Our two-week trip to Sicily ended recently, and what an interesting and beautiful region it was. The food was pretty spectacular too. We traveled with a British tour company called Esplora, and if you’re looking for a recommendation, this is one. Esplora and its founder Damian Croft, specialize in small-group tours of several Mediterranean countries, as well as Armenia, Georgia, and, soon, Iran.
There were a dozen of us on the tour, six Brits, an Australian couple, and four Americans. We had two charming guides (Chiara and Simona) and our irreplaceable driver/major domo, Carmelo. Our guides were language and art history specialists. How nice, I thought, in advance. How essential, I’d say now. Here’s why (and before I go on, I’ll tip you that we saw the impressive architectural remnants of all these civilizations.)

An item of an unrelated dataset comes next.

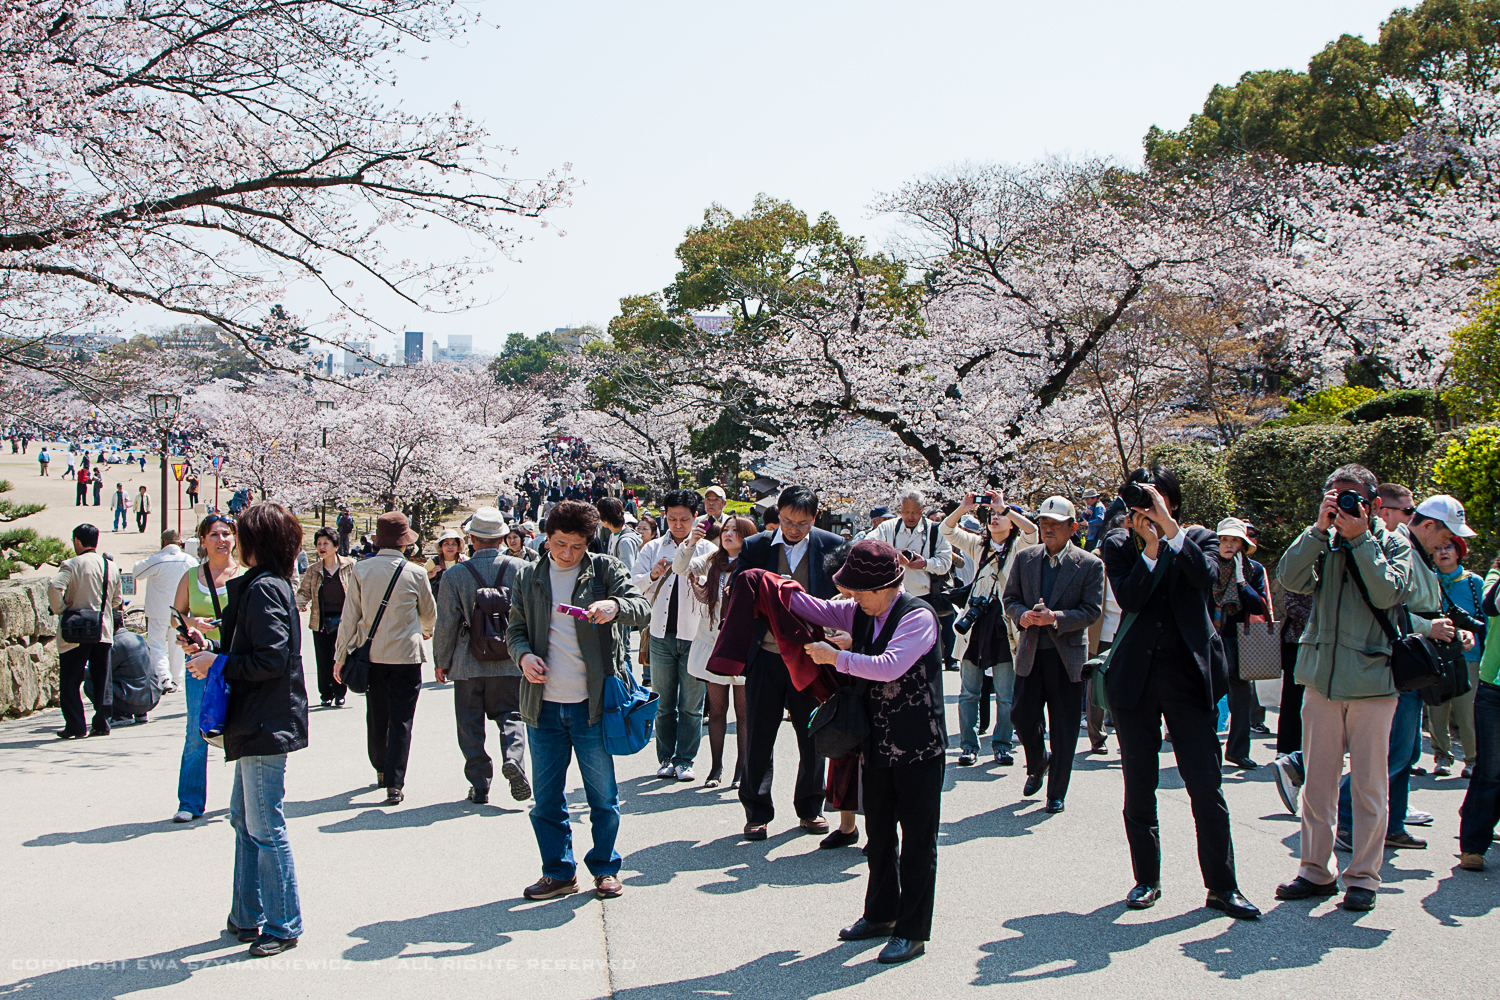 Photographing cherry blossom

The earliest tribes in Sicily, the Sicani, documented to around 8000 BC, were followed by the Sicels and some minor groups. They lived in caves, and some of their caves are still in use for storage, as shelters for goats and chickens, and in extremis, habitation.

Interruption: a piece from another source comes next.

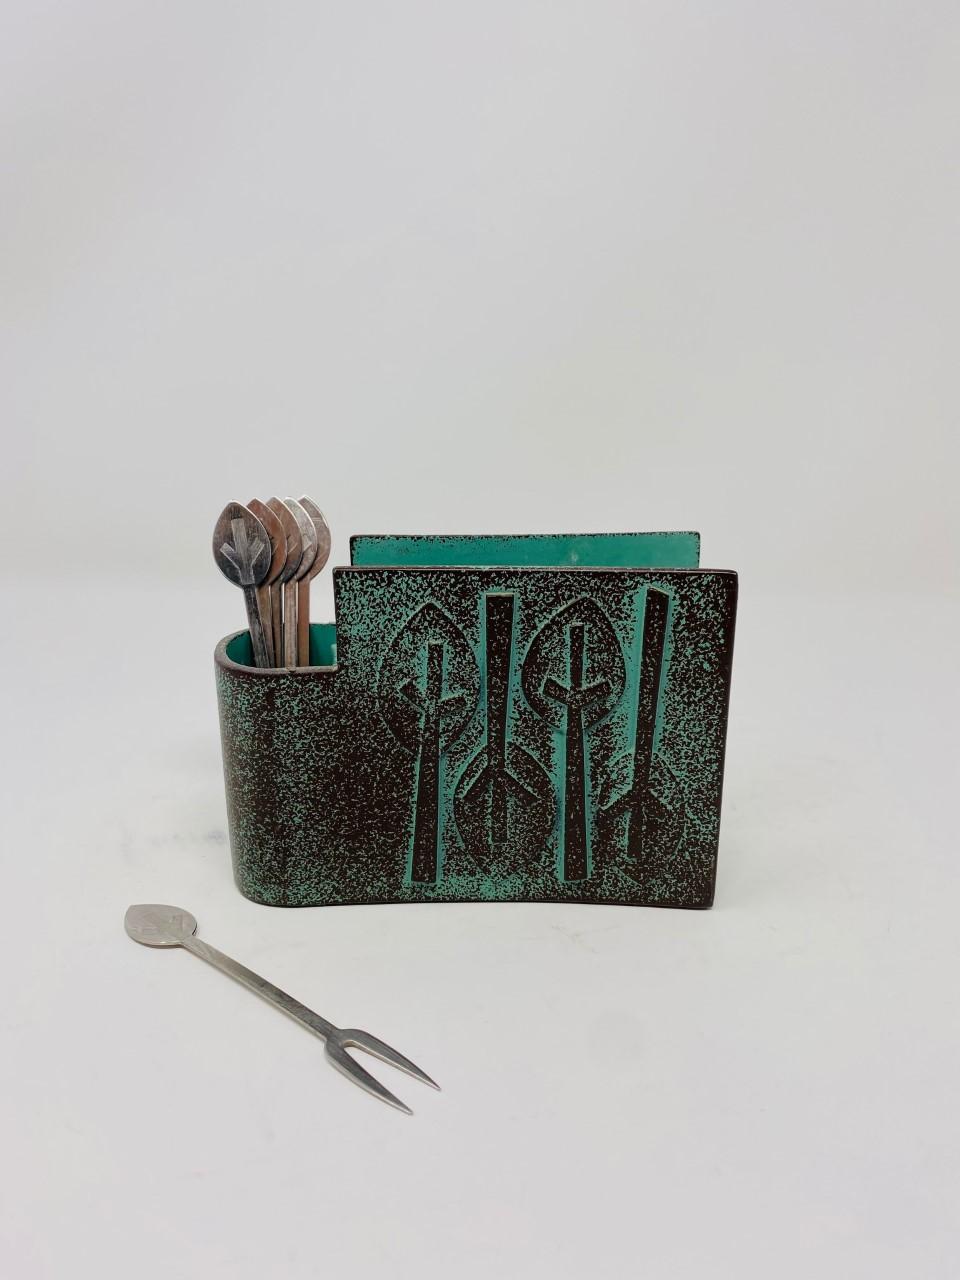 Beautifully charming vintage napkin holder with set of 6 mini forks. The set shares the same design that follows the Scandinavian mid-century aesthetic of the 1960s decade. The forks are constructed in an aluminum metal while the napkin holder is

Sicily was a crossroads of the ancient world, and for at least some period, Siracusa was the most important city in Europe. This importance began with the arrival of the Greeks, who set up independent colonies in Siracusa, Agrigento, and elsewhere. Domination of the island was passed back and forth in practically nonstop wars between the Greeks, Romans (who established colonies under Roman authority), and barbarians, namely, the Germanic Vandals and Ostrogoths.
The Byzantines annexed Sicily in 535 AD, and were harassed by invading Arabs from Carthage (now Tunisia) in north Africa. Next came the Normans—yes, those same Normans who invaded England in 1066. This was a surprise! They established liberal government, tolerant of the many ethnicities and religions who lived on the island. That couldn’t last, of course.
Swabian Germans took over, followed by an insurrection to remove the French (Normans) and the people turned to the Spanish for aid. The Spanish Inquisition in 1492 resulted in expulsion of all the Jews from Sicily and other depredations. In the next two hundred years, the island also suffered devastating earthquakes, and the plague.
The Bourbons were next, with Sicily fighting on France’s side in the Napoleonic Wars. Guiseppe Garibaldi had a strong presence in Sicily in his successful effort to unite the separate regions of Italy into a united Kingdom of Italy (1861).
In the 20th century, assaulted first by waves of crime from the Mafia then invaded by the Allies in 1943, this little island of less than 10,000 square miles—not much larger than the state of New Jersey—was once again at the crossroads of history.